GDPR: What you need to know
David Morel
Founder and CEO of Tiger Recruitment | Investor | Forbes Contributor | Spear's 500 Top Recommended Adviser
The General Data Protection Regulation (GDPR) is set to change how many EU-based businesses, including Tiger, collect and store personal data. Despite not coming into effect until 25 May 2018, its far-reaching implications mean many companies need to start preparing now.
In simple terms, the regulation’s main aim is to give individuals control of their data once more; giving them the right to know how any enterprise is handling personal data.
So what does that mean for a business owner? Quite a lot. But with so much going on, it can be hard to know where to start. Here are five of the most pertinent points of interest worth considering in the next month or two.

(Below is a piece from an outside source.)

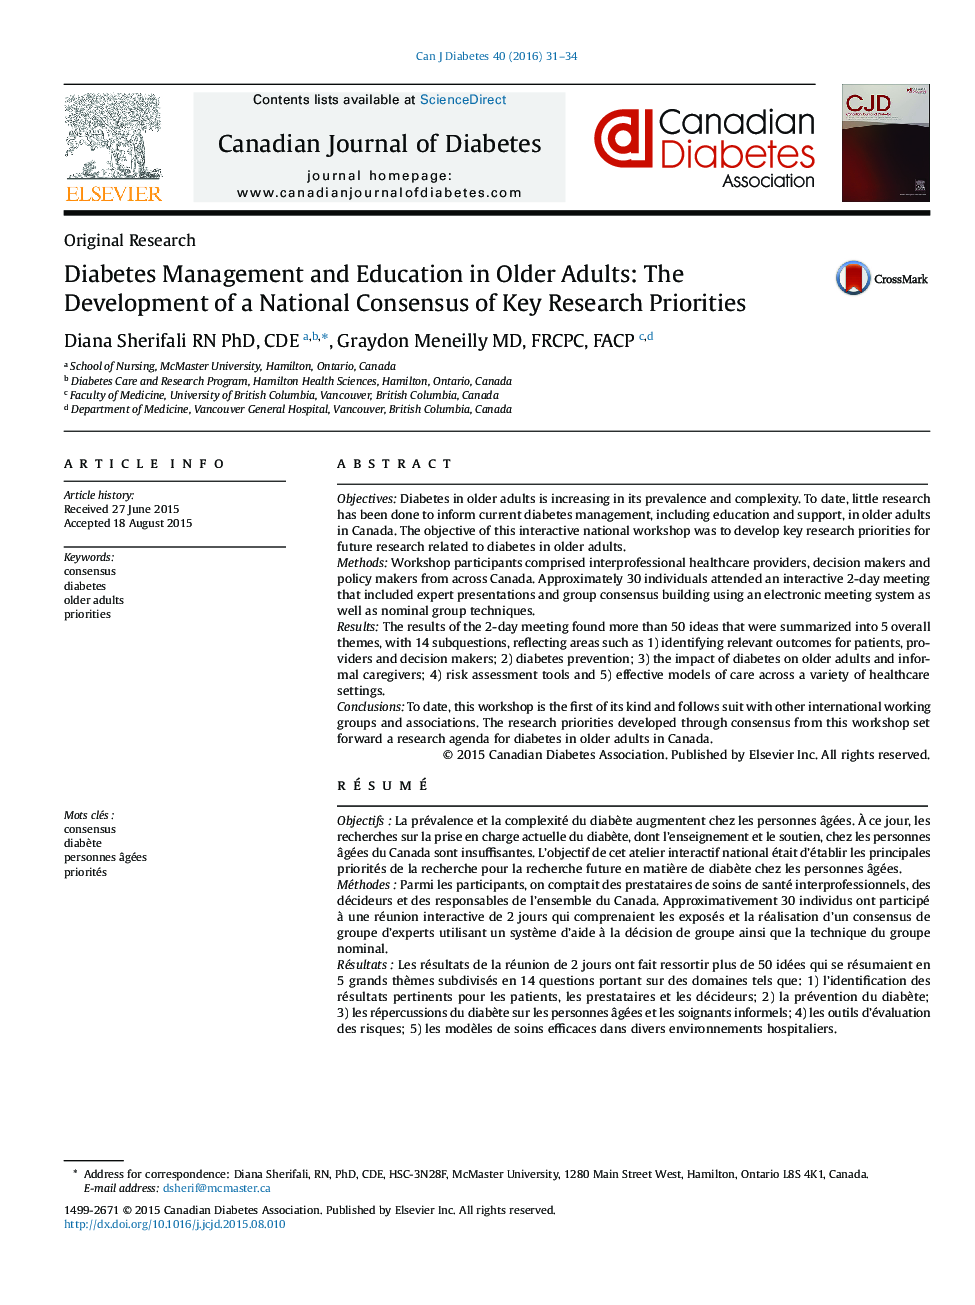 Diabetes Management and Education in Older Adults: The Development of a National Consensus of Key Research Priorities

1. Explicit, not implicit consent
The age of pre-ticked consent is over – you must ensure that consent is freely given with an affirmative and clear action. Instead of asking consumers to tick the box if they don’t want to hear from a company, you must now ask consumers to tick the box if they do want to receive marketing material.
2. Withdrawing consent
Withdrawal of consent is now required to be as simple as possible. Your customers or clients must be informed that they have the right to withdraw consent at the time of signing up, and you must make this process as easy as possible. Furthermore, when withdrawn, an individual’s details must be permanently erased, not just removed from the relevant databases.
3. Reasons for storing data
One of the most striking changes found in the GDPR is the requirement of businesses to prove they have a legal basis to store and use any gathered data and provide details of where their data is stored. Reasons for processing data must be specific, explicit and have a legitimate purpose. Furthermore, you won’t be able to keep data for as long as you want – only for the necessary period required for processing.
4. Data Protection Officers will be in high demand
All public authorities and businesses whose core activities involve the systematic monitoring of large amounts of personal data will need to hire a data protection officer. These individuals will be responsible for implementing any data protection strategies and making sure your company is in full compliance with the GDPR.
5. The fines are considerable
This is not something you’ll want to put off. Fines for non-compliance can result in fines of up to €20 million or up to four percent of total global revenue of the preceding year, whichever is greater.
With just over six months to go before the changes take effect, it’s worth using this time to prepare your existing systems. Tiger Recruitment can help source temps with a data background to cleanse and tidy databases and delete records, or contracted data protection officers for after the laws have taken effect.